Monday, January 14, 2008

The dumbing down of play...


I know all the evangelical D&D hoogaballoo out there but can I make a few observations? A few elements were part of our "adventure" that seem to be absent from a lot of the video game scene today. Like...Imagination. We spent hours weaving tales, reading storylines, listening to a storyteller, preparing, writing, drawing, mapping, using pencils and erasers and real paper...graph-paper...do kids today even know what that is? We used dice...not to conjure demons but to count...which means we used math. Imagine that, a game that encourages and uses mathematics in its core play!

We played our games with a group of real people, face to face...not alone in front of a computer. Our togetherness meant friendships were also developed. We hung out, joked, talked, eat together, went to each others houses, met parents and other people. We read magazines to learn more stuff. We learned about mythology and history, other cultures and all kinds of information about artifacts and basic principles about time, space, archeology and biology. Sure there was the occult stuff that was part of that era too, I am not sure it was more engrossing or a door way than a 500 page Potter book; but it was a part of it. A part that I now shun but I can still recognize elements of play that seem to be getting jettisoned for a controller or a keyboard era.
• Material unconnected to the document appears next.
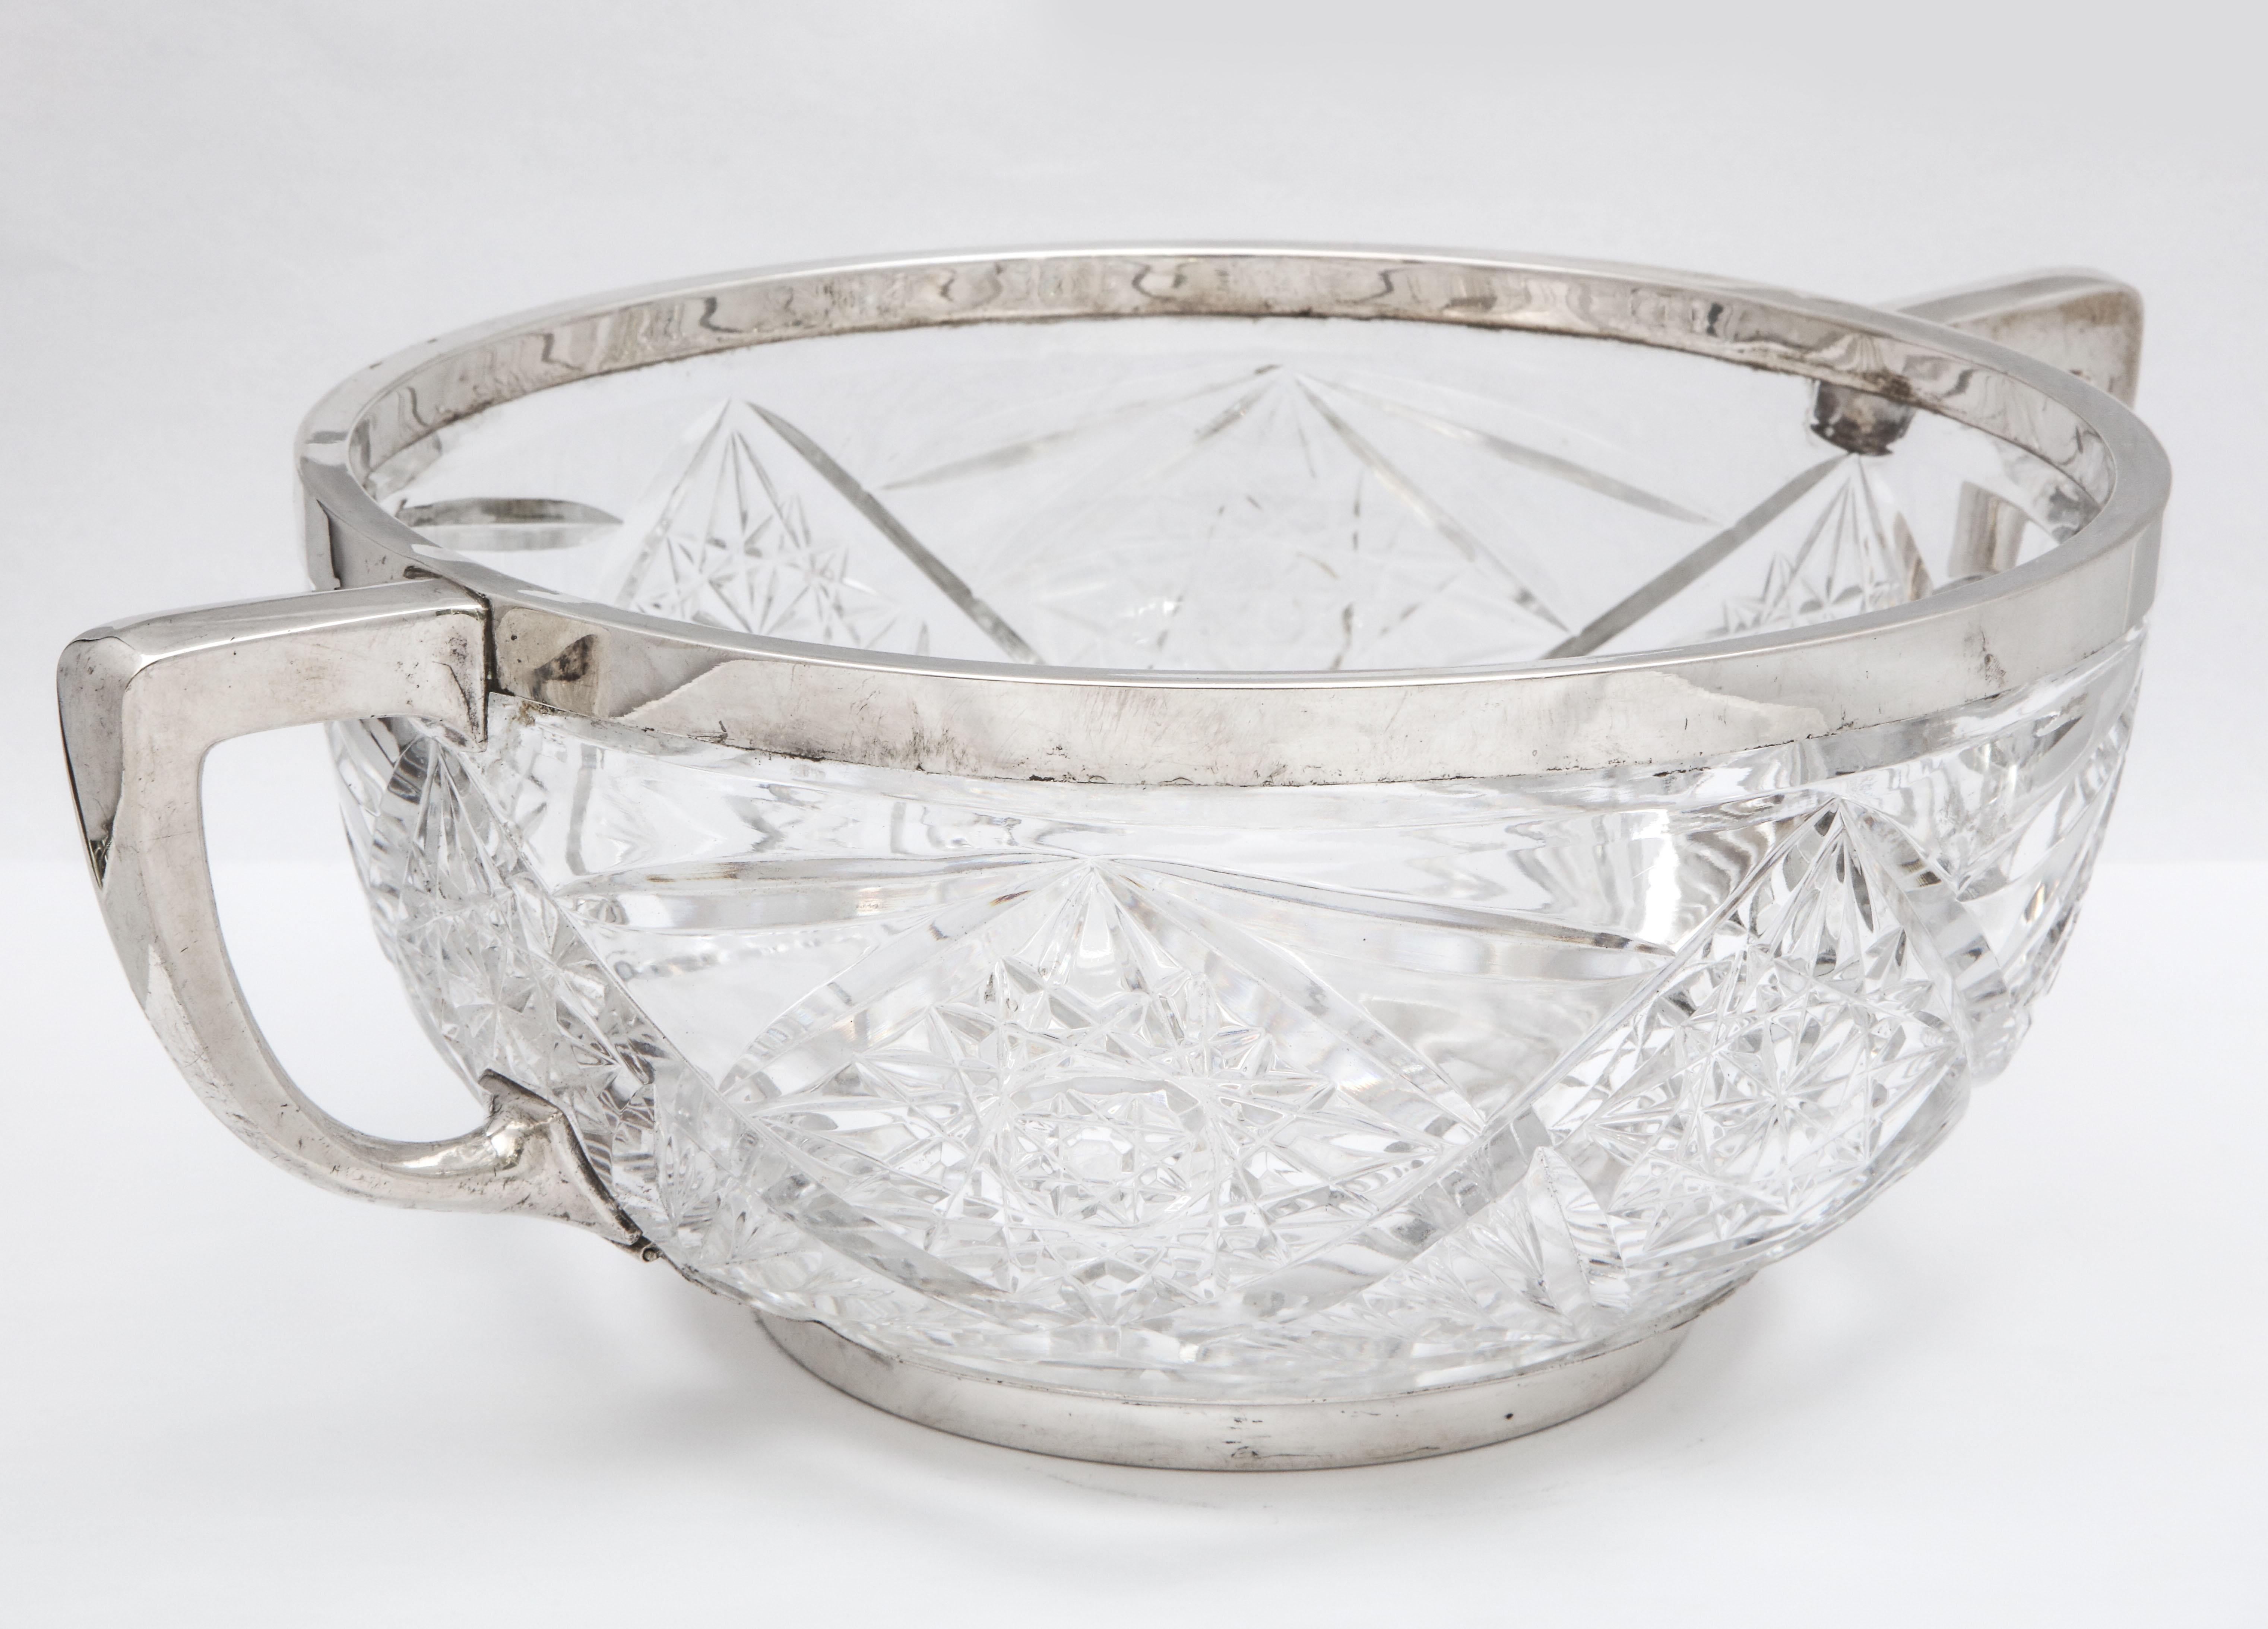 Edwardian period, Continental silver-mounted centerpiece bowl, Germany, circa 1910, Deyhle Gebruder-Schwabish Gmund - maker. Silver mount is removable. Measures 14 inches wide (handle to handle) x 10 inches diameter x 5 inches high. Dark spots in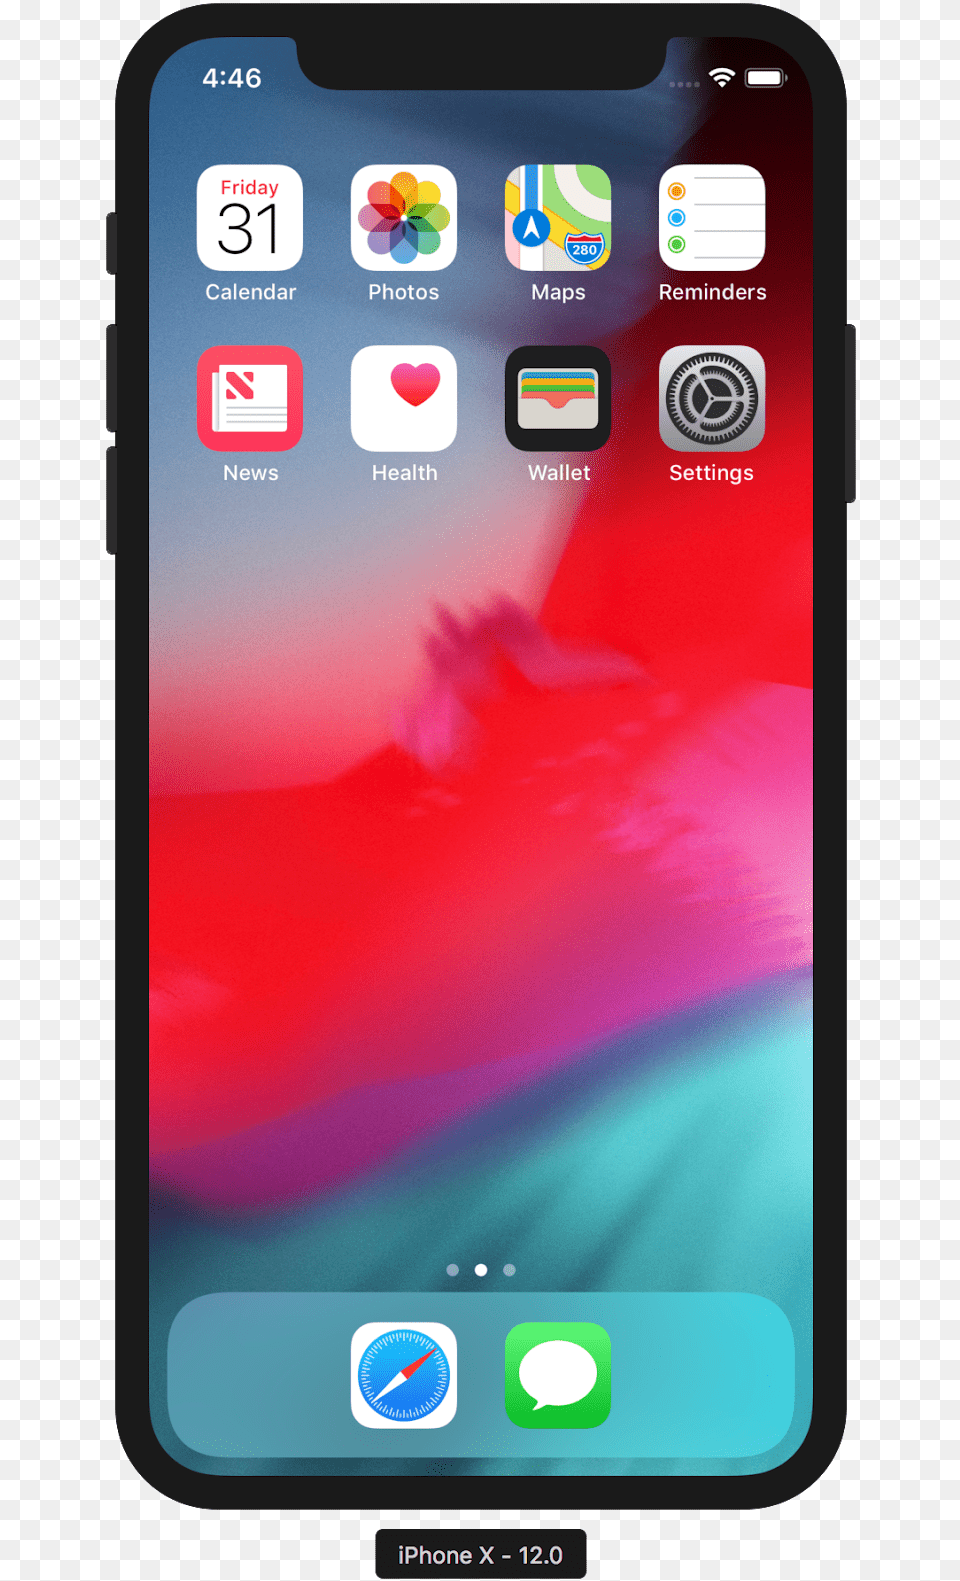 The Iphone X Home Screen In Simulator With 1792 X 828 Resolution, Electronics, Mobile Phone, Phone Png

I think that's a shame.

As a parent...I think today's kids are getting ripped off..not just cash wise HELLO! Have you seen the price of these games and systems; but imagination and socially too...oh I remember the days of just paying for a couple books (that you could use forever), some dice and a pencil and paper...oh and using your brian to make it all happen.

2 comments:

Todd Bacon said...

Point well-made... I played a few games of D&D back in the day and the social and creative aspect of the game was something most kids don't experience. I'd much rather my kids play something like that than sit around on facebook or myspace or whatever the artifical friendship device of the day is when they reach the "social networking" age.

Anonymous said...

When I was 5 and just entering my school career, there was all kinds of edutainment used in school, even back then. Computers were hailed as a new way to teach kids, and all kinds of video games exploded onto a new market under a now mostly dead genre called edutainment.

The same video games that shot my typing speed up from 30WPM to 80WPM were banned in school. Why? Because gaming has no place in school apparently. There doesn't seem to be any edutainment advocates in the education system anymore. We even had a tabletop version of The Oregon Trail in 6th grade...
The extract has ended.